◆ Task objective
Hand back every line from the beginning of the data below through the line containing "The table is all", word for word and free of pictures.

◆ Dataset section
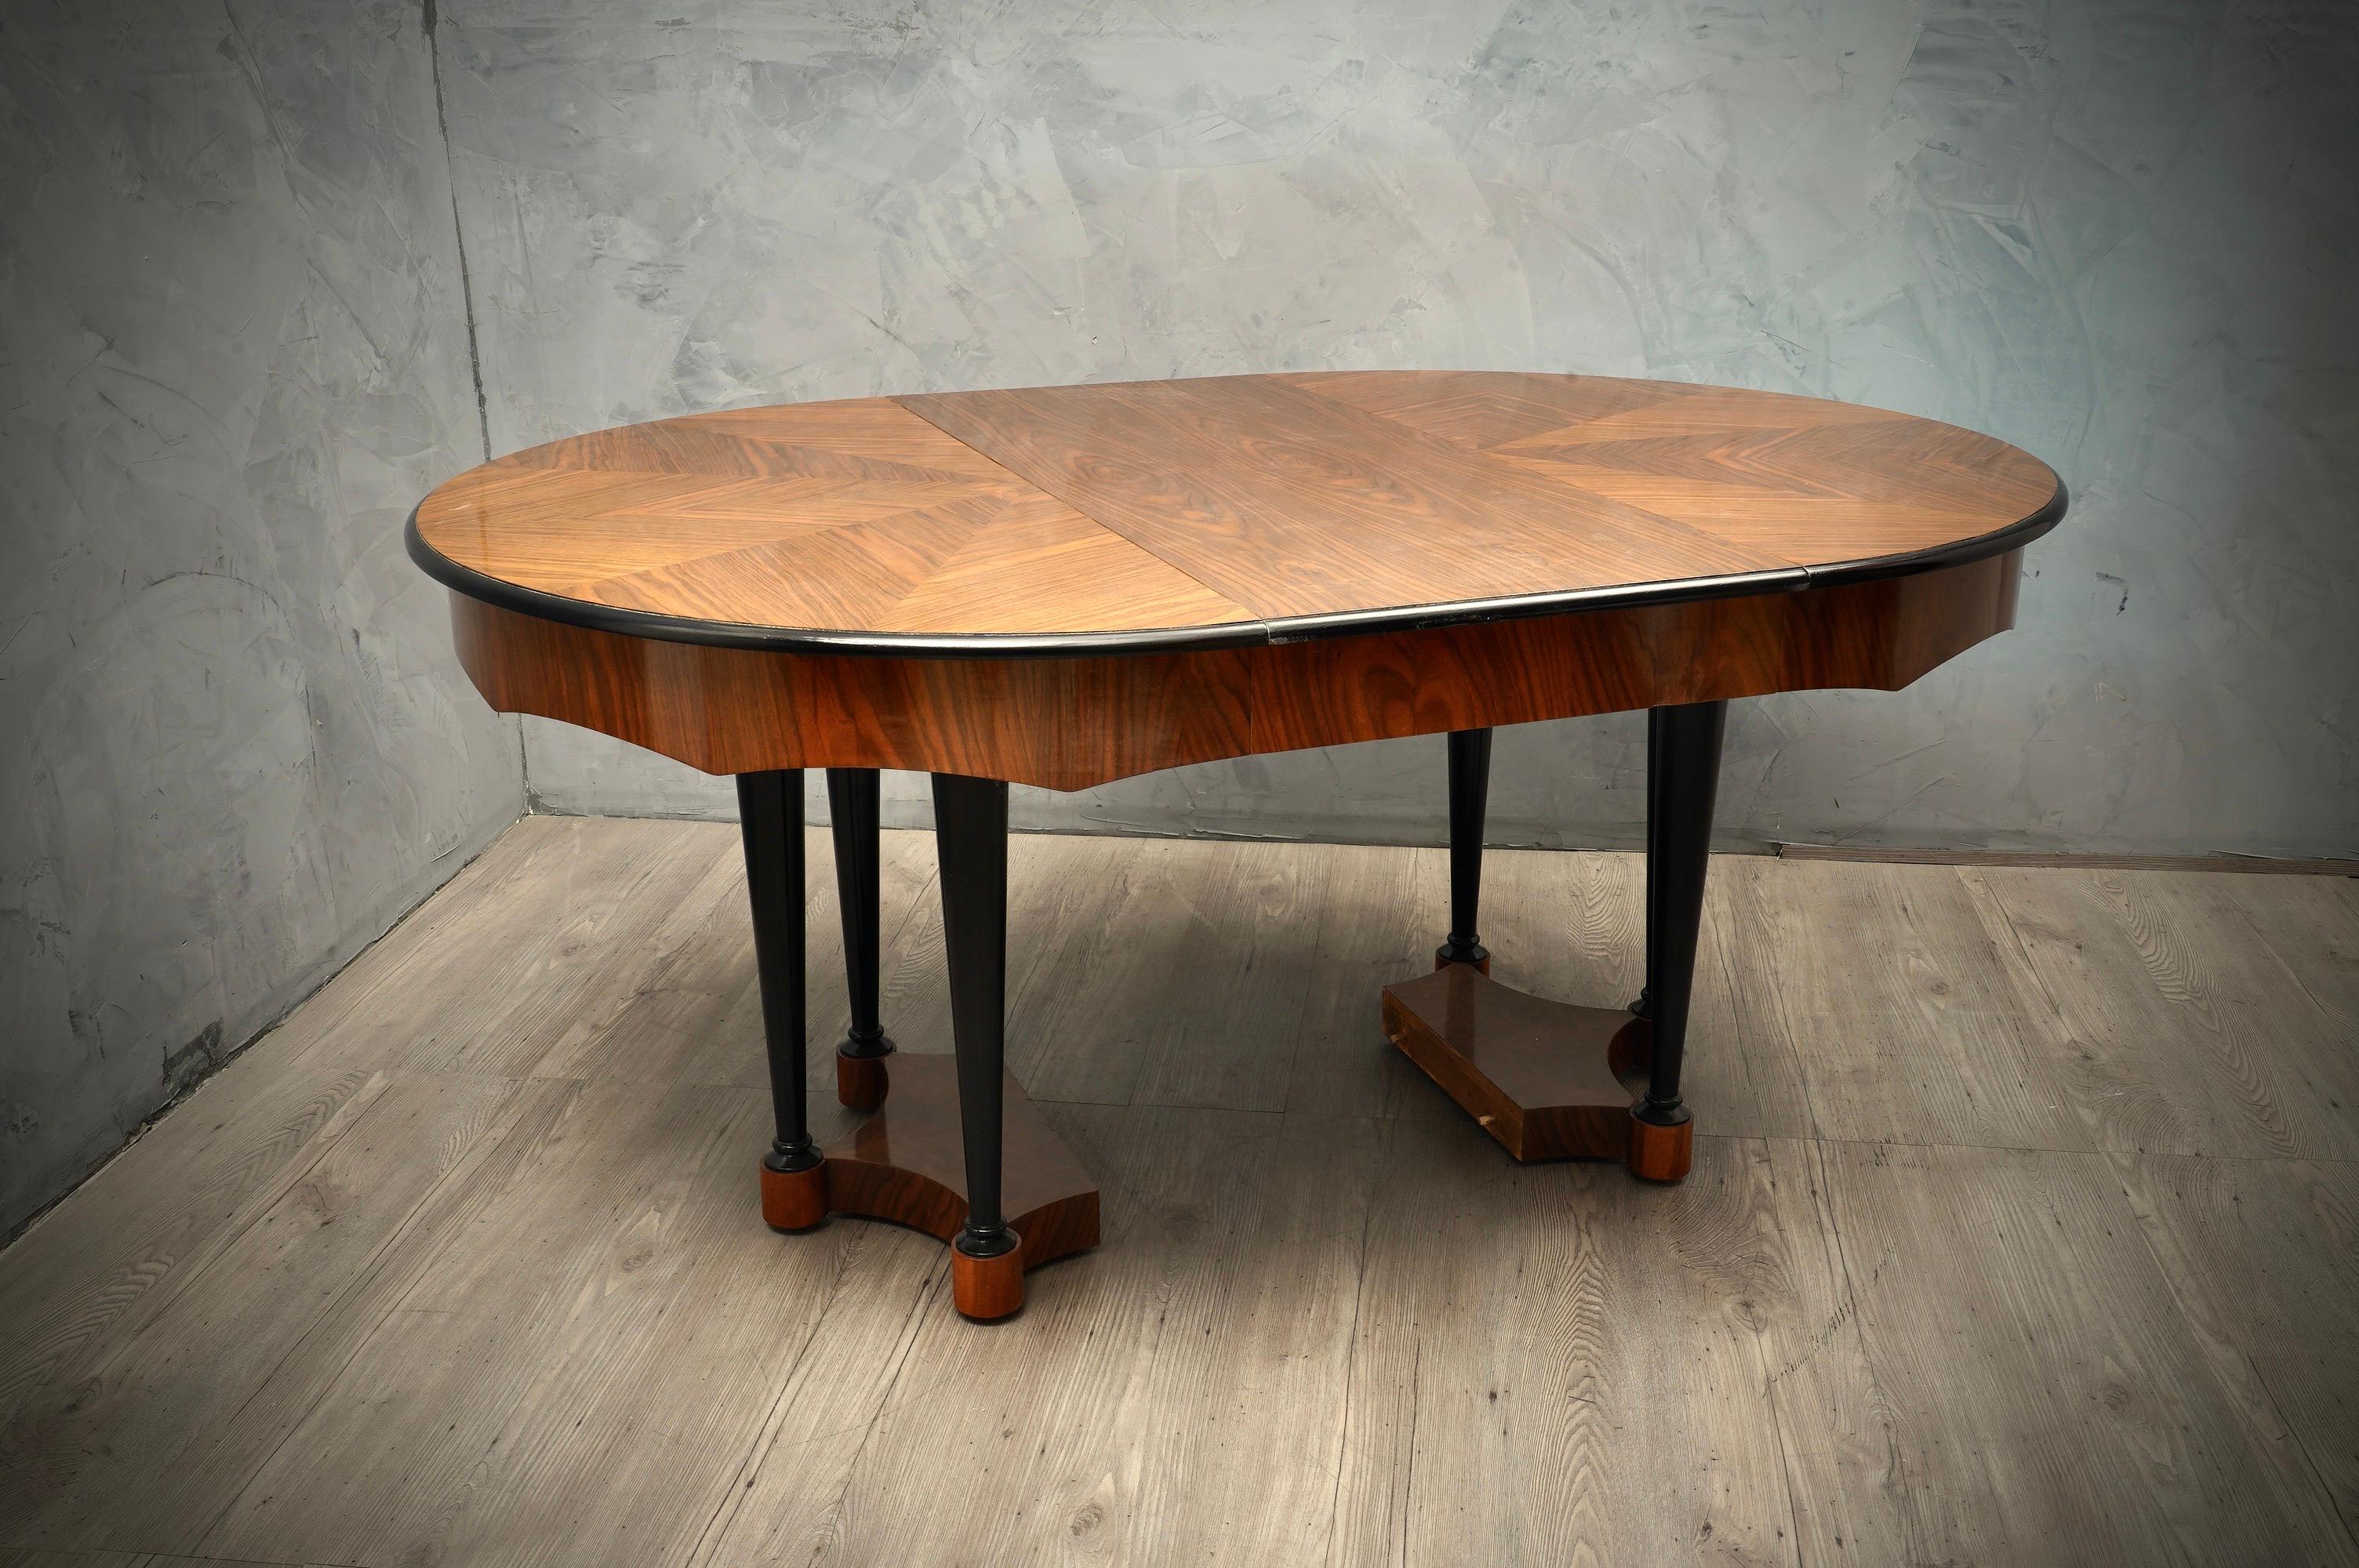 Extremely rare Biedermeier extendable table, all attention is focused on the beautiful patina of the walnut wood and the excellent craftsmanship. Note the band below on the table with its particular processing. Very very elegant.

The table is all
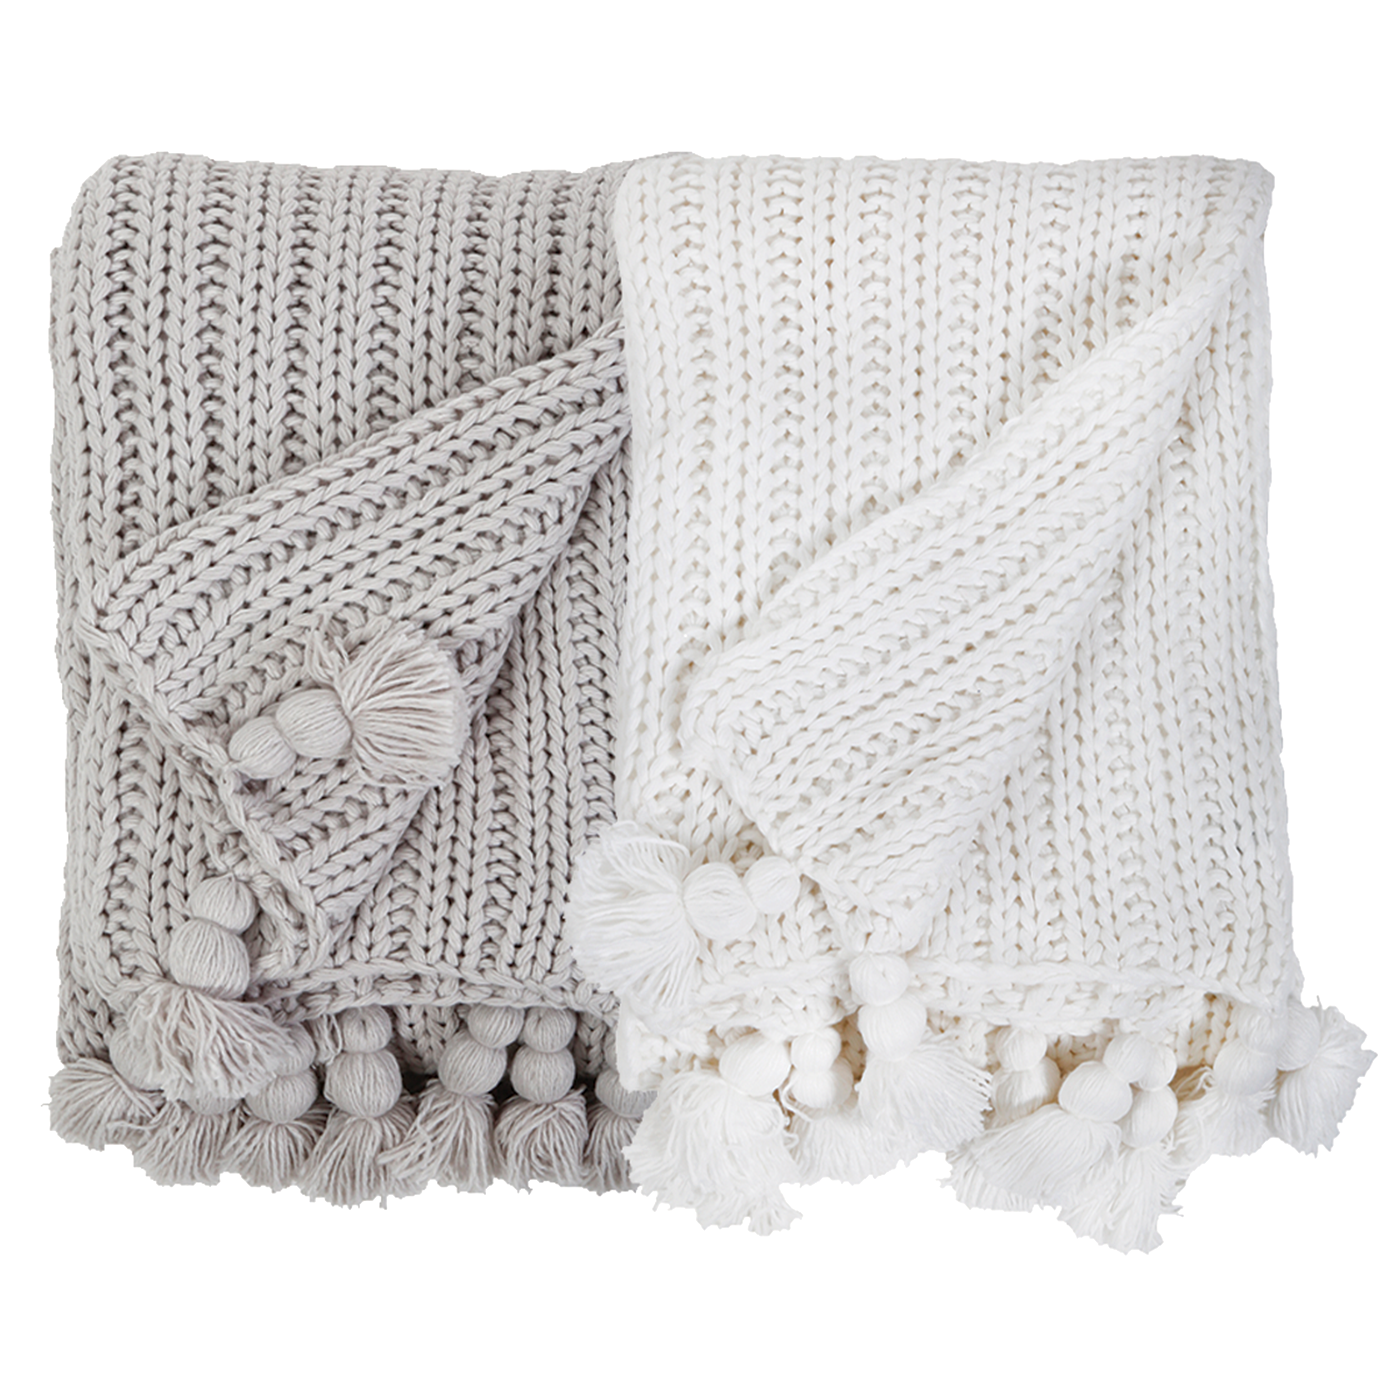 This Anacapa Oversized Throw - 2 Colors by Pom Pom at Home is a cozy chunky knit with giant soft pom poms. We'd love to see this styled on your bed or sofa.   Size: 60" x 90"

◆ Solution below
 Extremely rare Biedermeier extendable table, all attention is focused on the beautiful patina of the walnut wood and the excellent craftsmanship. Note the band below on the table with its particular processing. Very very elegant.

The table is all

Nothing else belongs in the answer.